If it's hard to see whether 752 is divisible by 8, then keep subtracting 752 with 200, until you reached a number below 200, which is in this case 152, which is divisible by 8 (152 / 8 = 19).

Thus 24752 is divisible by 8 (24752 / 8 = 3094)

### - Divisibility by 9:

Similar to divisibility by 3, but this time it will end up with multiple of 9, or if you keep doing it, it will end up with 9.

Multiple of 9 is very pretty, since

 1 x 9 = 09 6 x 9 = 54 2 x 9 = 18 7 x 9 = 63 3 x 9 = 27 8 x 9 = 72 4 x 9 = 36 9 x 9 = 81 5 x 9 = 45 9 x10= 90

The sum of the digits of the result will always be 9.

Example: 1111111101 is divisible by 9, since 1 + 1 + 1 + 1 + 1 + 1 + 1 + 1 + 0 + 1 = 9. (1111111101 / 9 = 123456789)

or 7992 is divisible by 9, since 7 + 9 + 9 + 2 = 27, and 2 + 7 = 9. (7992 / 9 = 888)

There you go, I posted it after trying to figure out what's being outputted by OpenCV's HOGDescriptor's compute function, since it gives me a 1D vector of floating numbers with the size of 7 digit numbers. Then after pondering a while, I realized that the size of that 7 digit numbers is divisible by 9, thus it should be a flattened version of 9 normalized bins. You don't need to understand what I am saying though.

#2 Posted by Athadam (694 posts) -

#3 Posted by Veektarius (4869 posts) -

I was going to give you shit about this when I first started reading, but I didn't know any of this besides for 2 and 5, so kudos.

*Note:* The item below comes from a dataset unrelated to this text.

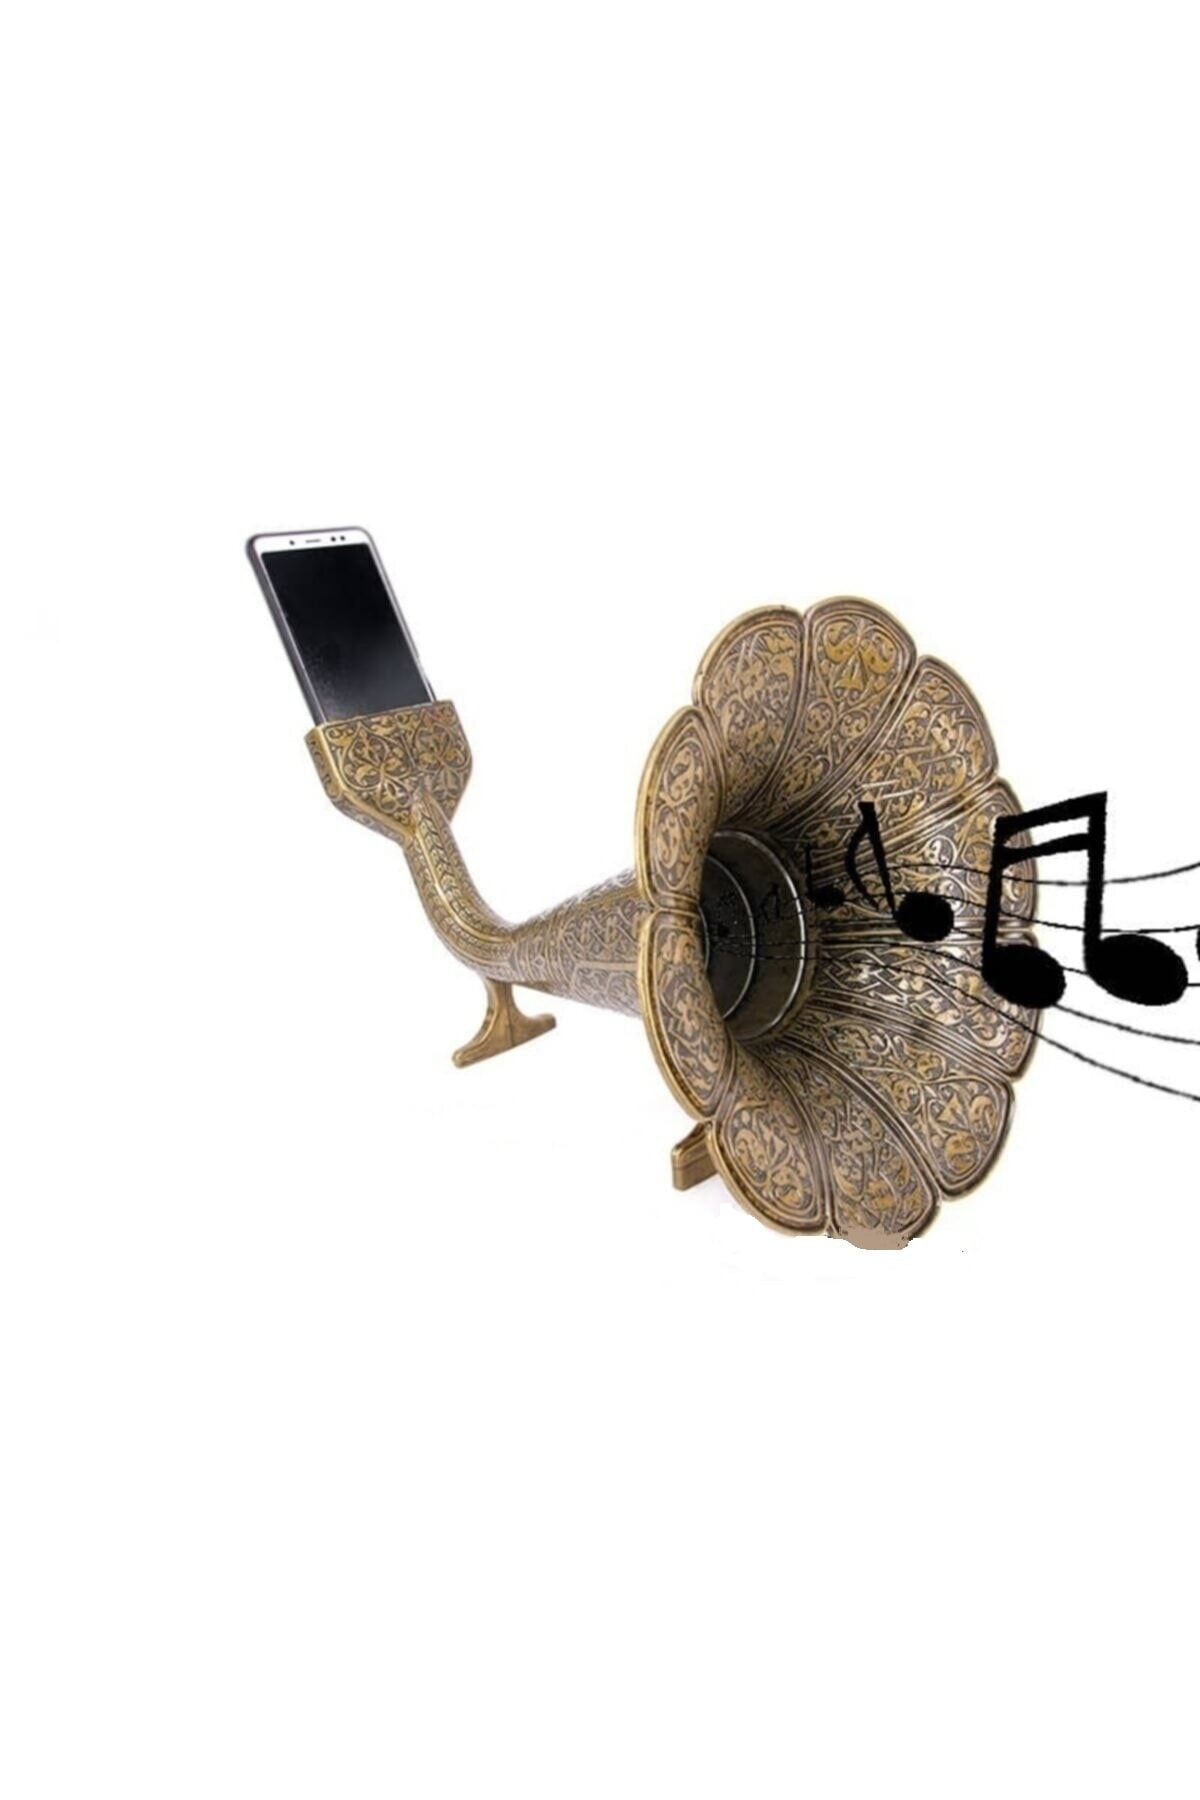 Kelepir Fırsatlar Antik Bakır Renkli Metal Gramafon Tarzı Akustik Eko Sesli Cep Telefonu Ses Yükselticisi

#4 Posted by FourWude (2261 posts) -

MATHEMAGIC!!!

#5 Edited by OldGuy (1561 posts) -

That 7 recursion trick is cool... but now I've got Schoolhouse Rock running around in my head (math does that to me):

#6 Posted by sub_o (901 posts) -

Thanks a lot ! I found these tricks pretty interesting. These tricks might be handy for students who are preparing for SAT / GRE / GMAT too.